Глуповатая улыбка обнажила 25 – 26 – 27 – 28 – 29 – 30 – 31 – 32 – ровно 32! – белоснежных, коммерчески убедительных зуба.

– Мы собираем денежки! – она говорит с улыбкой.

– И зовут тебя… Мне Нужны Денежки, – отвечаю.

– Должно быть, это остроумно… – она замешкалась. – Но верно – меня зовут Клаудия.

Это имя кажется чересчур мелодичным для человеческого слуха. Не так ли? Как можно так обозвать свою принцессу? Ирония в ее словах… ах, эта ирония в словах… не могу сказать, что ее слова, интонация, улыбка были вестниками скорых перемен, отнюдь, этот визит не сказал мне ровным счетом ничего. Уже очень давно я не говорил с людьми. Однако в тот день все должно было перемениться, ведь Рока, спустя два года, решился подарить куклу Клем.

– Я собираю денежки в помощь казино, – она продолжает.

– Да, да, конечно, – отвлеченно киваю.

– У нас там можно выиграть шляпку. Мы на шляпки играем!

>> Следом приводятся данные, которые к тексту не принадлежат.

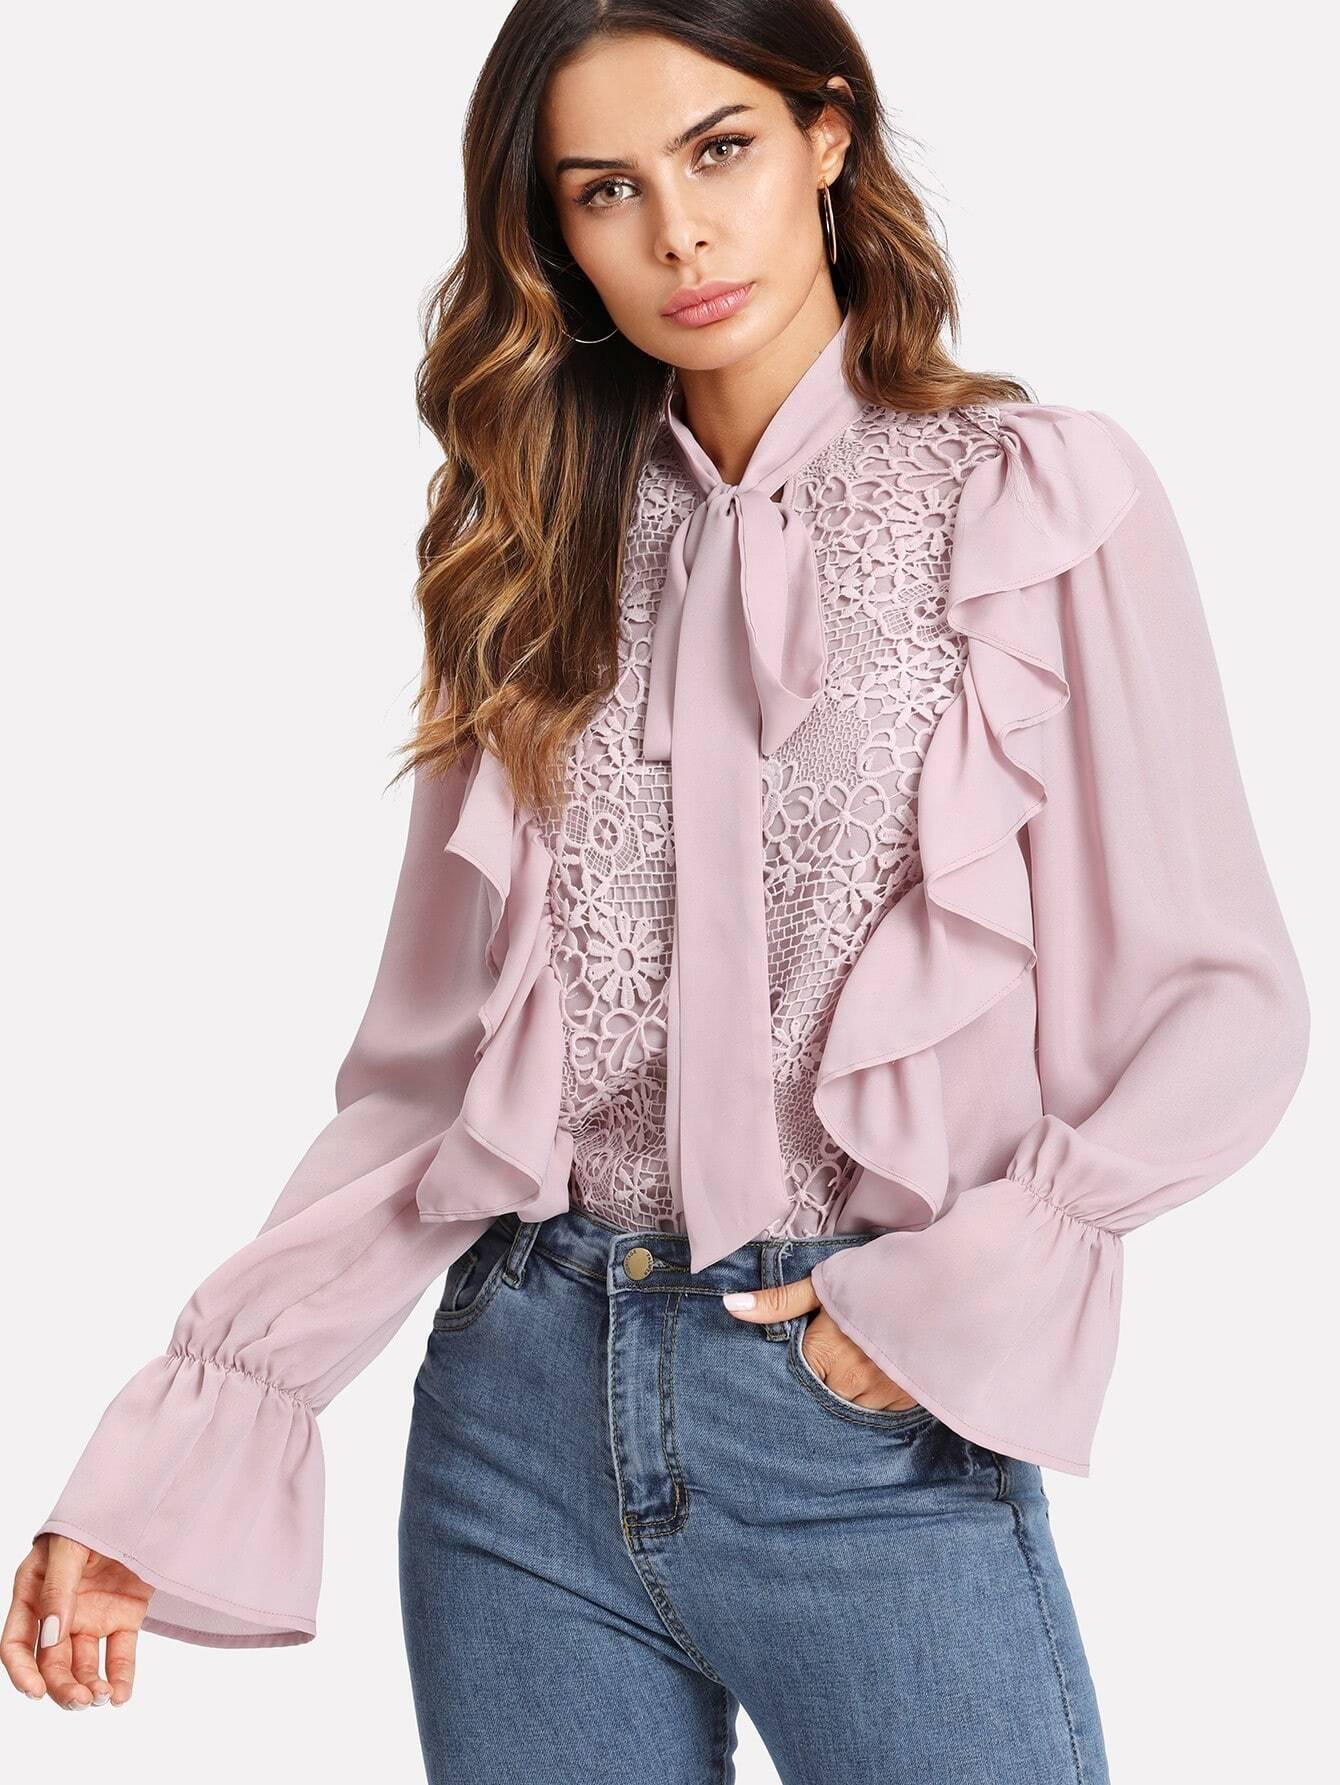 Tie Neck Lace Applique Ruffle Blouse blouse171120704

– Ну как же иначе, – улыбаюсь.

– Владелец казино Эдван Дедье, очень беспокойный тип. Мы его называем Ошпаренный. Мы в казино живем. Много людей там живет. Мы не хотим играть на деньги – мы играем на шляпки!

На устах пляшет слово «проза». Что за черт!

– Ага, я все понял: денежки – шляпки – казино – люди. Все понятно, конечно.

– Вот ты придешь в казино и сможешь выиграть! Многие выигрывали. Придешь и поставишь самое ценное в своей жизни. Придешь и выиграешь шляпку. Я эти шляпки шью для тех, кто выиграл. Всем нравятся мои шляпки!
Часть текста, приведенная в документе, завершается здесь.